Bishop Cesare Mazzolari of Rumbek, the capital of Lakes states, told CNS he was "moved with tears of joy to see the jubilation of the people of Southern Sudan at the referendum."
The bishop, an Italian, added that "at the core" of the referendum was "a quest and a longing for peace that most people elsewhere in the world cannot even begin to imagine because they have not known what these people have suffered."
In 2005, civil war between the predominantly Muslim North and the mainly Christian and animist South ended after almost continuous conflict since 1983 that left 2 million people dead. The Comprehensive Peace Agreement that ended the war mandated the independence referendum.
Despite its oil resources, Southern Sudan is one of the least-developed regions in the world with little infrastructure and no developed industry. All hopes are focused on the region's plentiful oil deposits, though these are landlocked and the refineries are located in the North.
Bishop Mazzolari said the North is unlikely to assist the South with its development and, until the South manages to train its own skilled workers for this and other industries, it will have to rely on the international community for assistance.
The bishop expressed concern for the well-being of returning Southern Sudanese from the North.
"They are a real concern both in relation to how we make a home for them and what forced them to leave the North," he said.
He and other church leaders also have expressed concern about the safety of Christians and Southern Sudanese who remain in Northern Sudan if the South secedes.

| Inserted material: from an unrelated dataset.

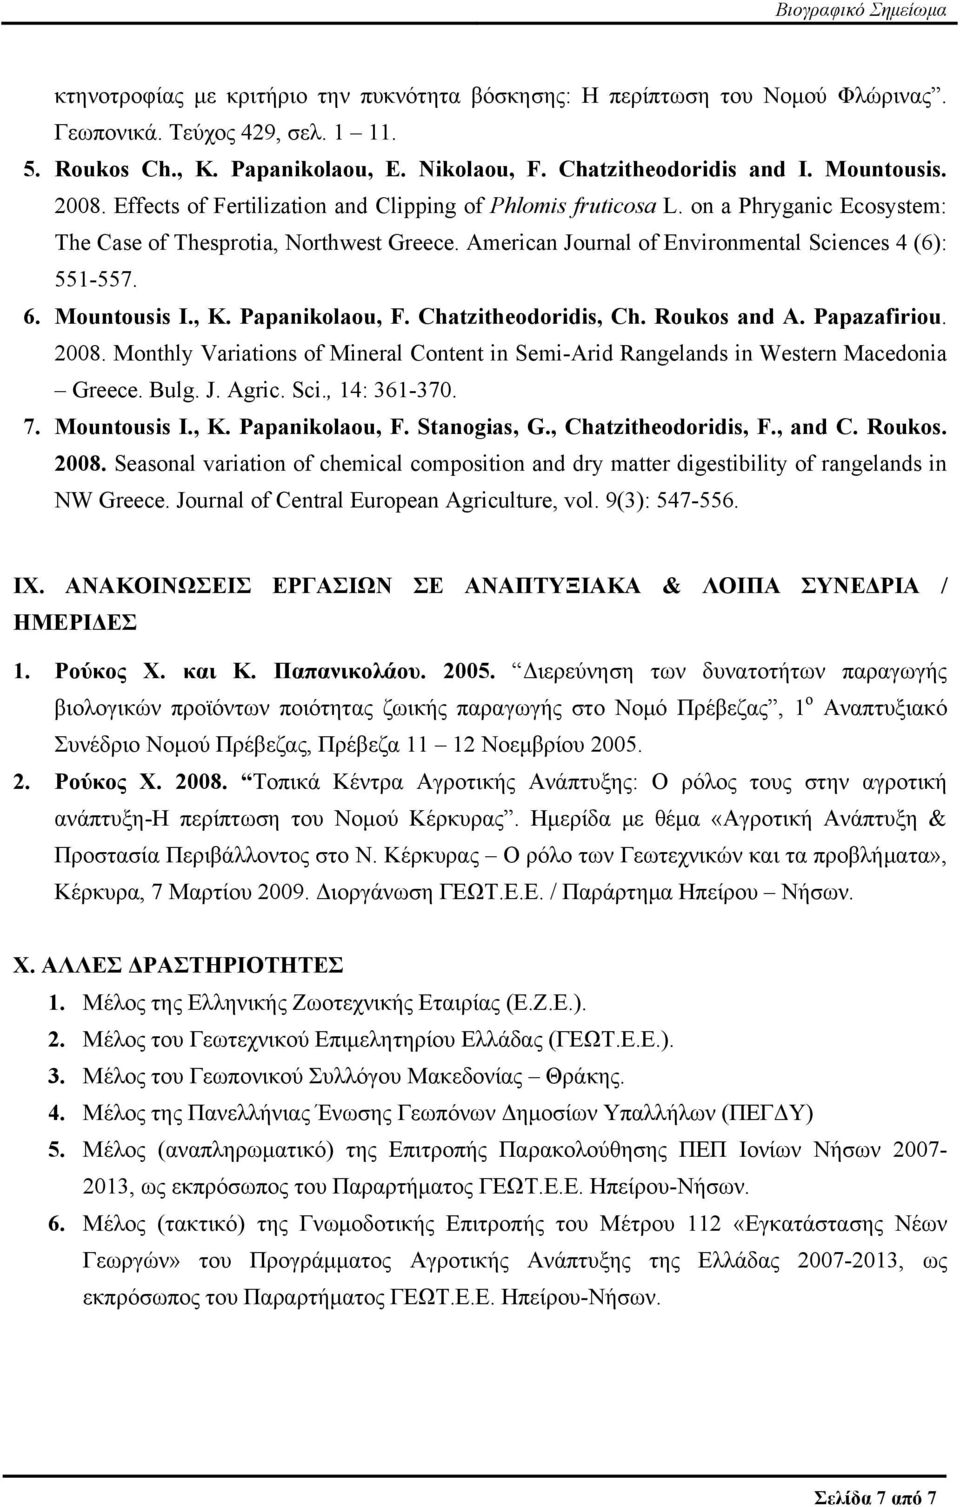 Mountousis I., K. Papanikolaou, F. Chatzitheodoridis, Ch. Roukos and A. Papazafiriou. 2008. Monthly Variations of Mineral Content in Semi-Arid Rangelands in Western Macedonia Greece. Bulg. J. Agric.

Sister Orla said political leaders in the South "don't talk about rebuilding the region, they talk about building! Southern Sudan was never developed and what was built was destroyed in the last two civil wars."
She added: "Our infrastructure is poor, education and health departments are seriously lacking. We hope that with a new nation, the country will move into the 21st century. But we have a long road to go. With poorly trained teachers and a lack of nursing and medical staff, it will take more than a generation to improve the lives of the people here.
"We have great dreams and hopes for a new Southern Sudan, but there will be struggles ahead," she added. "We have many tribes, some larger than others, cautious leadership -- and wise decisions will be needed to involve all tribes in the forming of a new Southern Sudan."